--- DATASET EXTRACT Enclosed Below ---
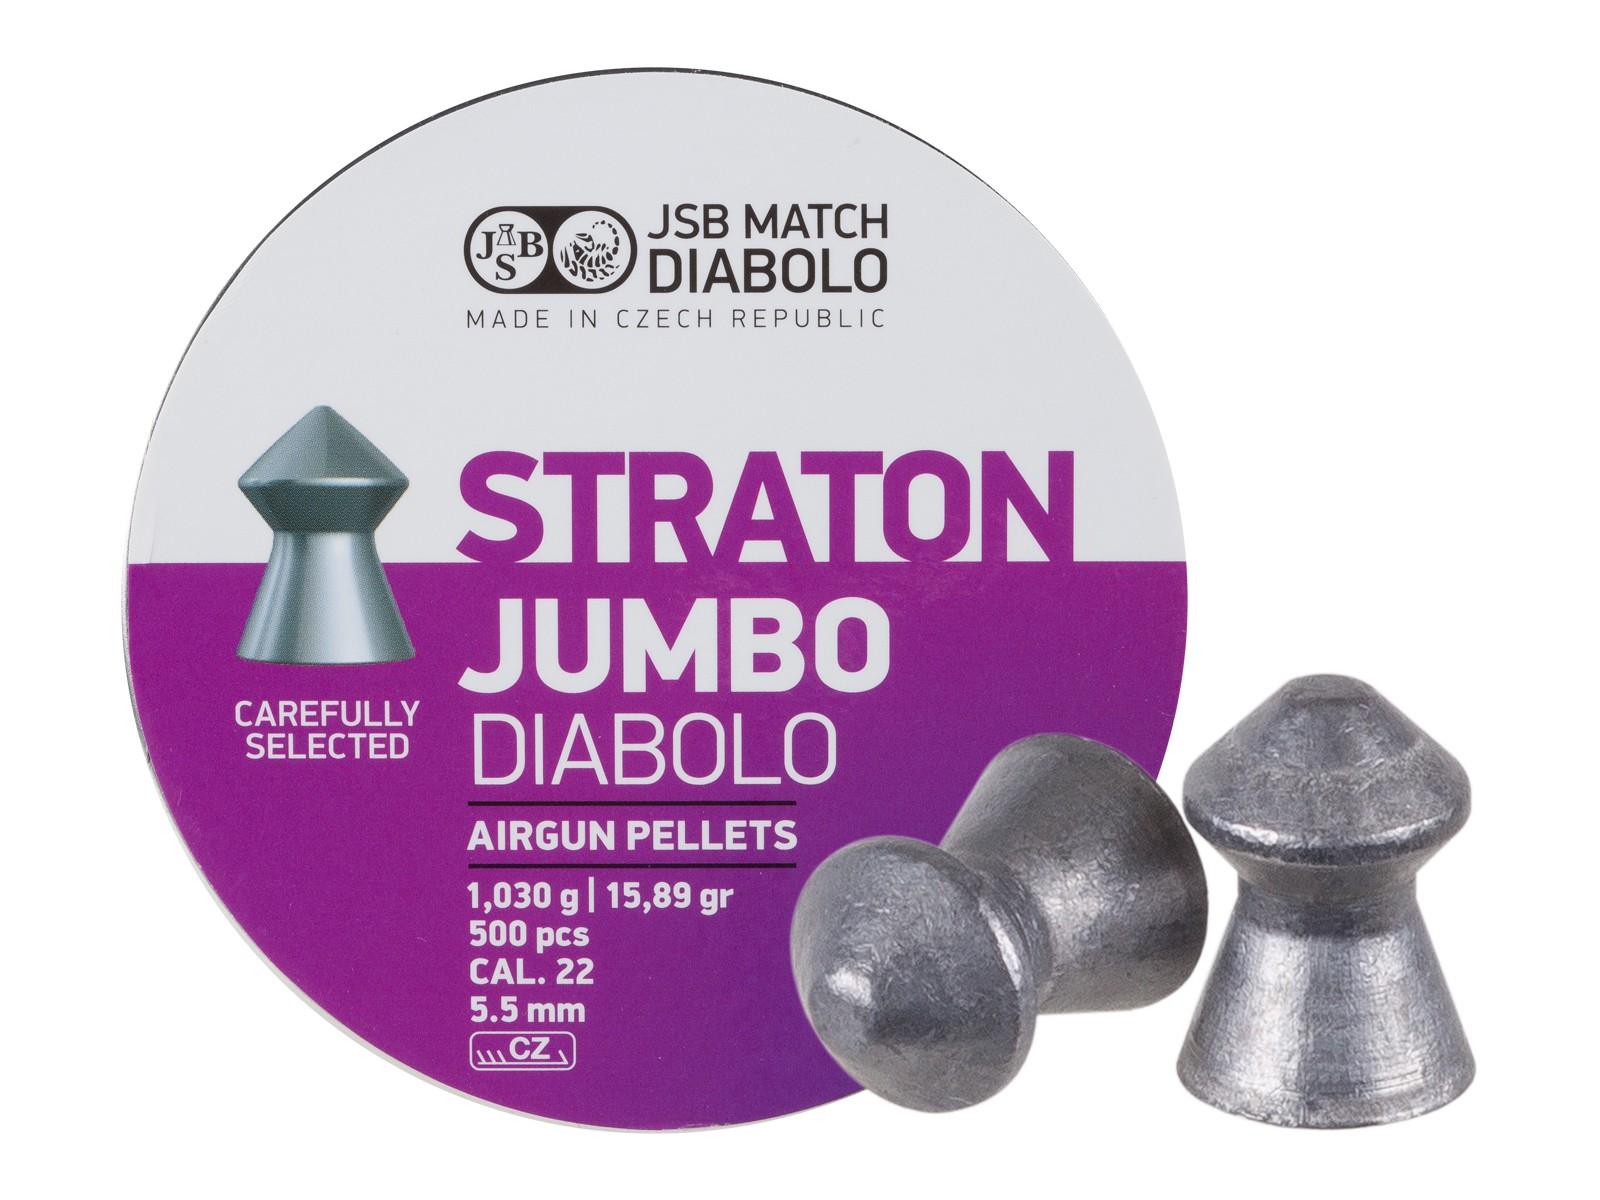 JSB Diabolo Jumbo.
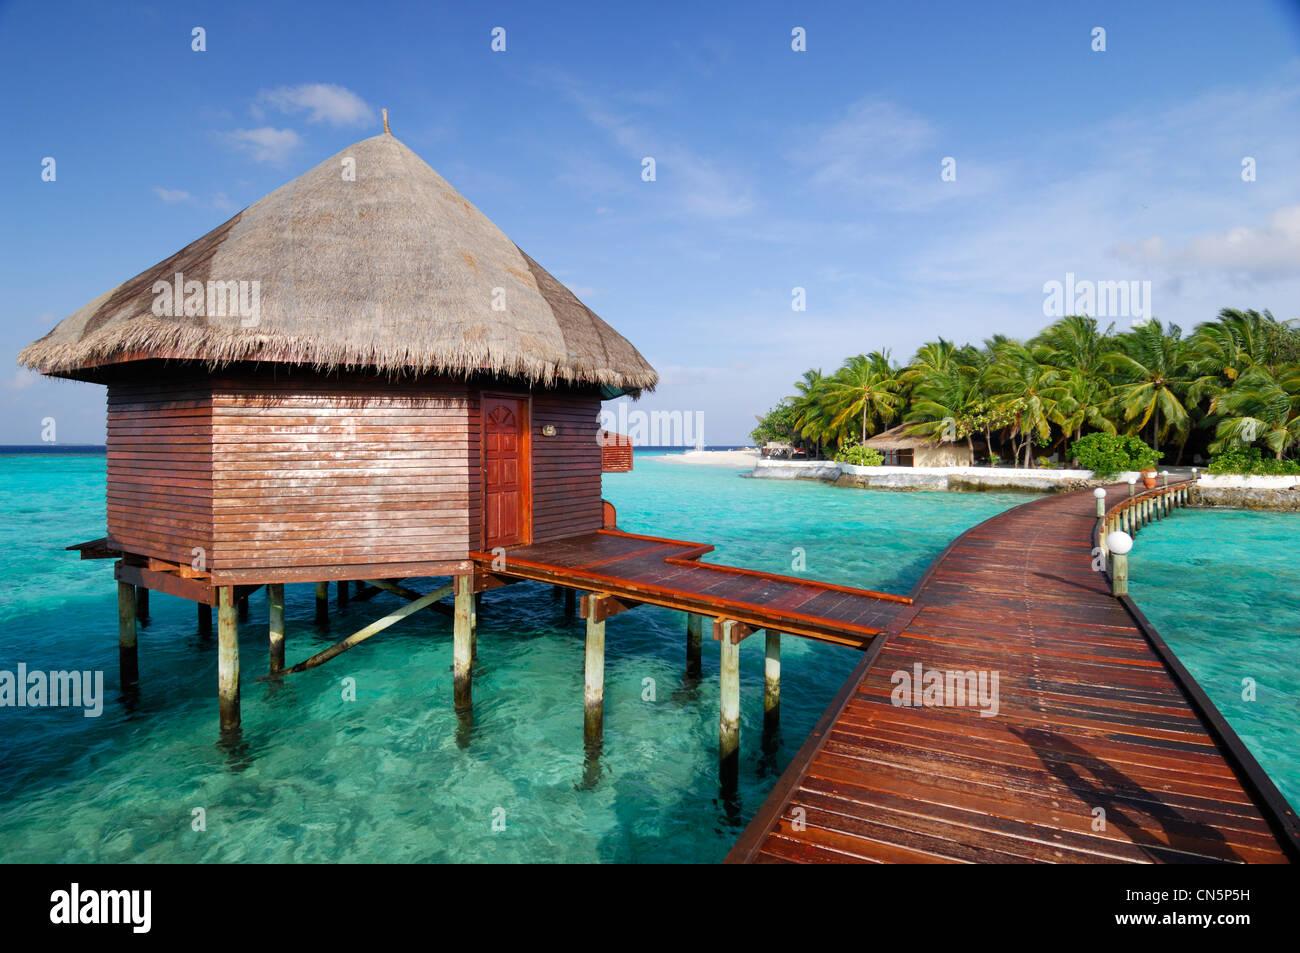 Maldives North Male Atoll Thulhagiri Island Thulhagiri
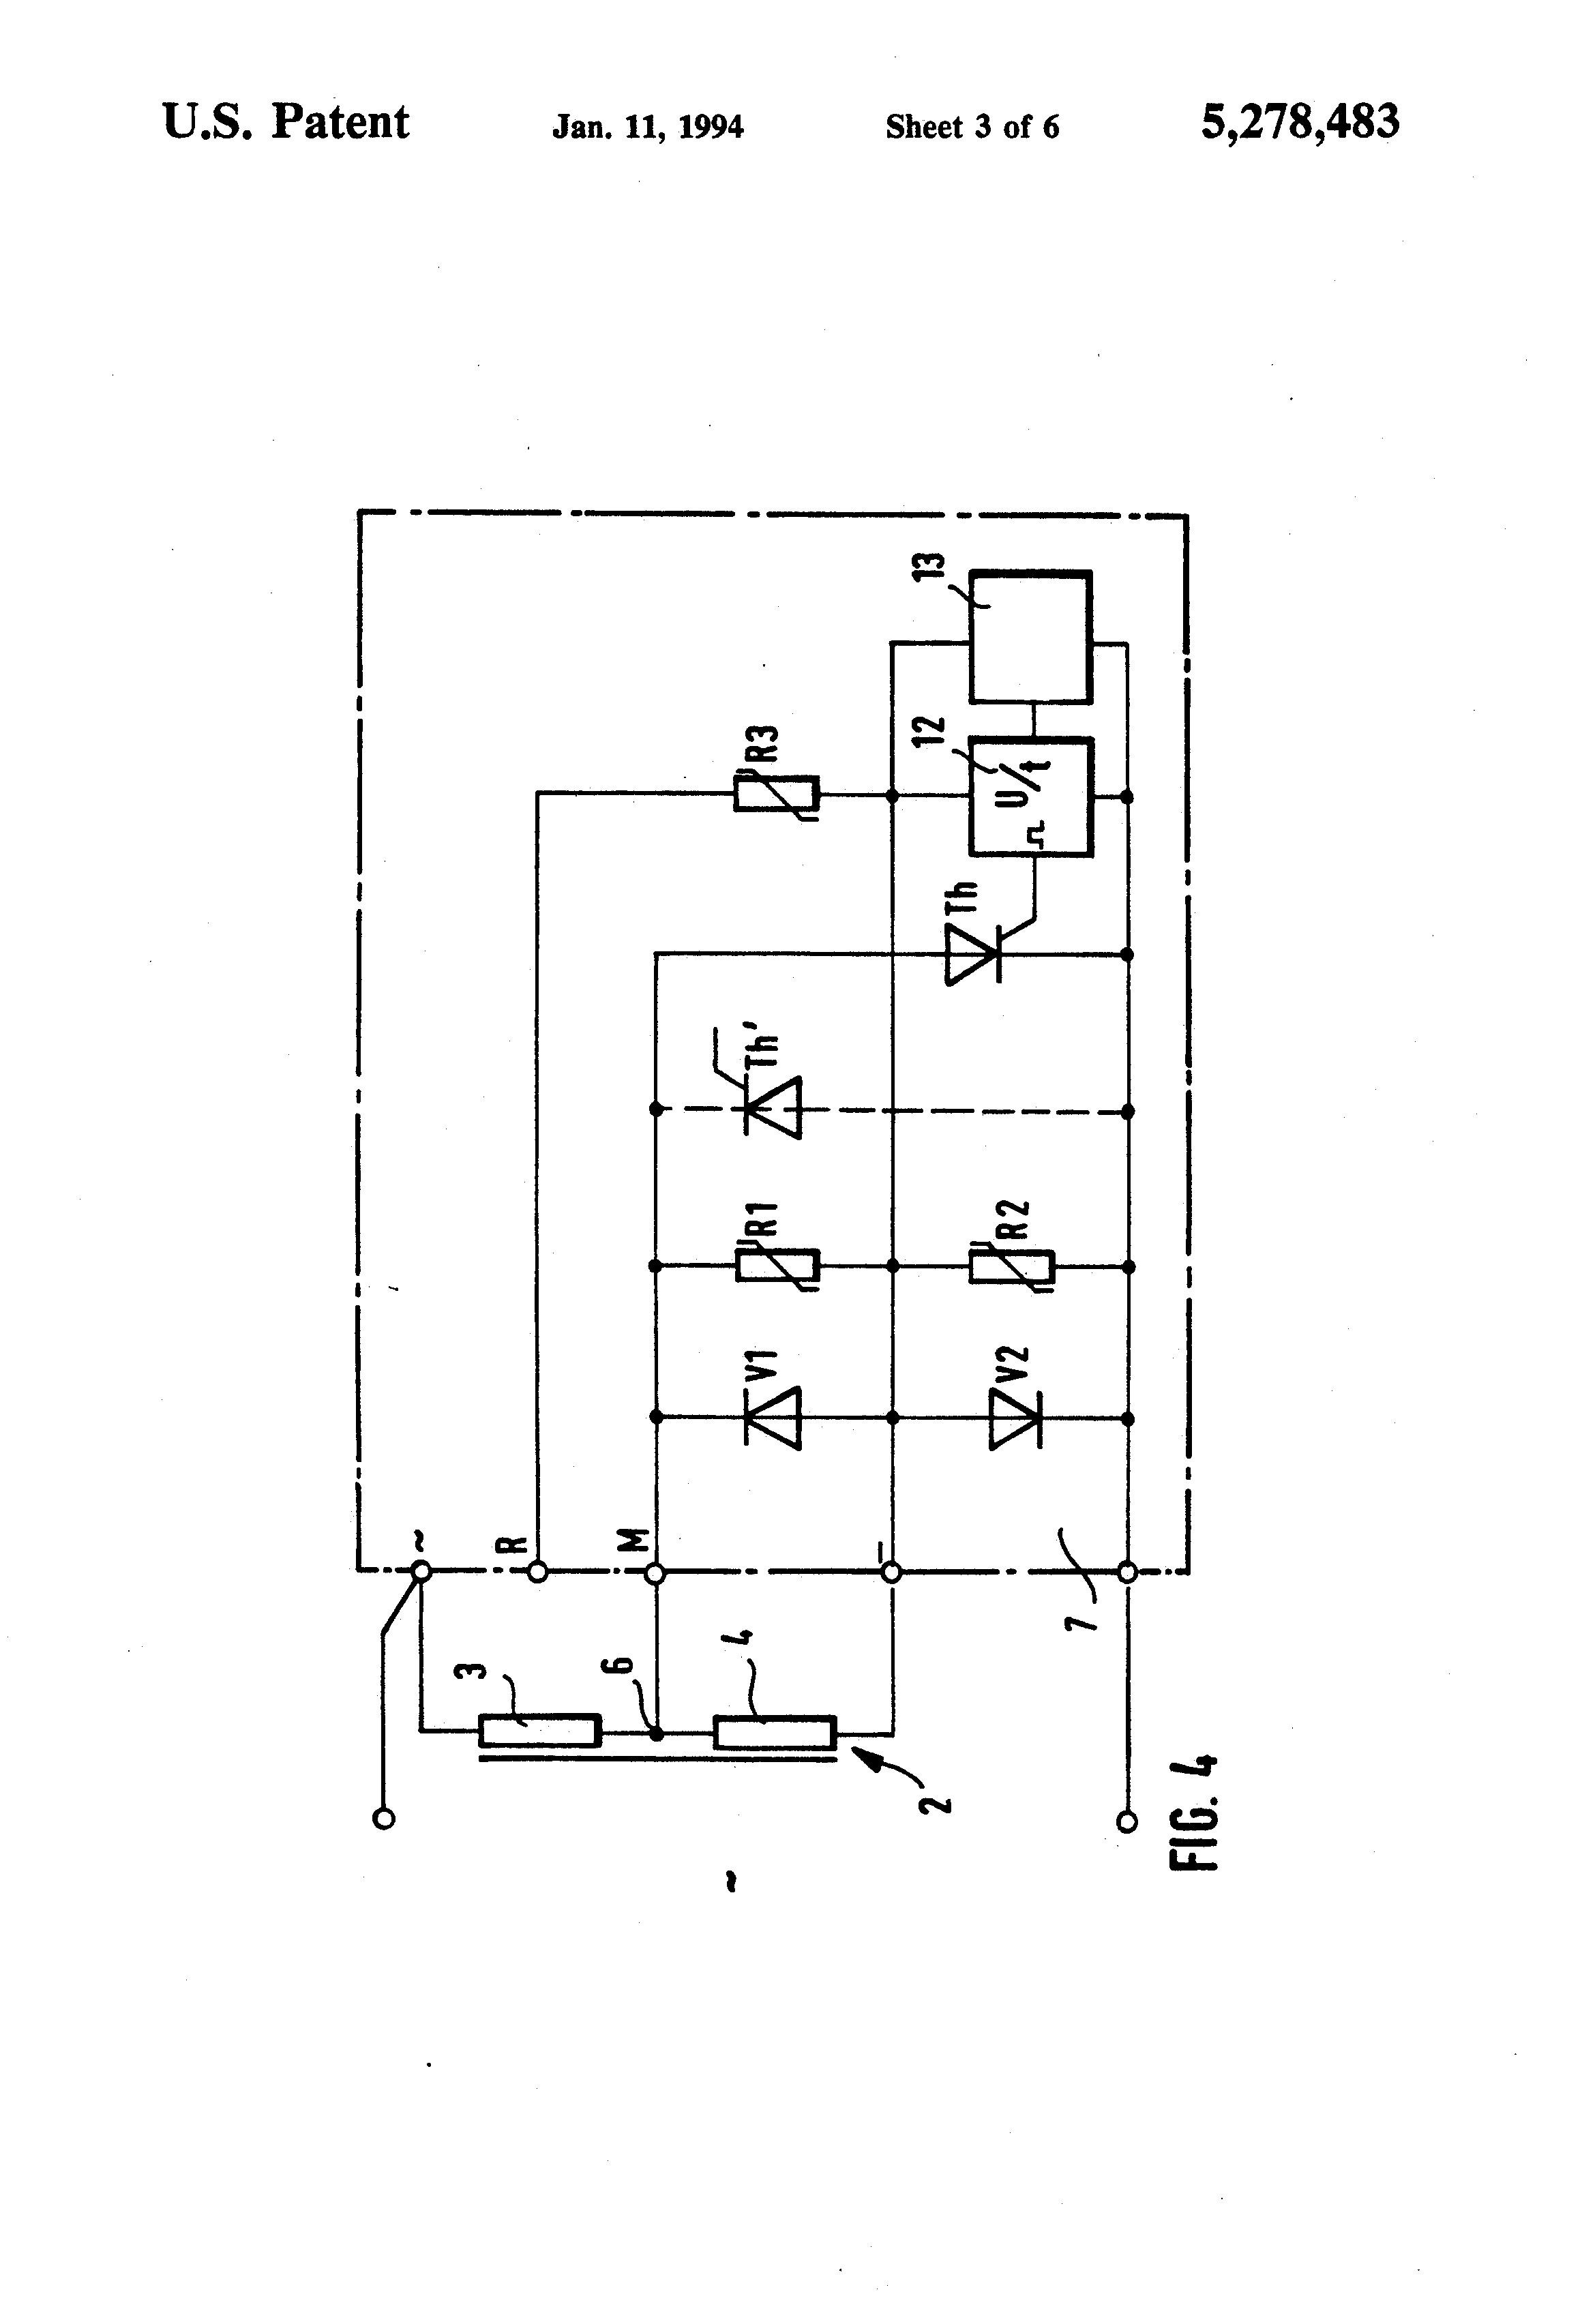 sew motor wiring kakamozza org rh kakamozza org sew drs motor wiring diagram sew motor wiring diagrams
--- End of Enclosed DATASET EXTRACT ---
> [PROBLEM REQUIREMENTS]
Images are to be omitted; repeat the remaining data above exactly.

> [WRITTEN ANSWER]
 JSB Diabolo Jumbo.
 Maldives North Male Atoll Thulhagiri Island Thulhagiri
 sew motor wiring kakamozza org rh kakamozza org sew drs motor wiring diagram sew motor wiring diagrams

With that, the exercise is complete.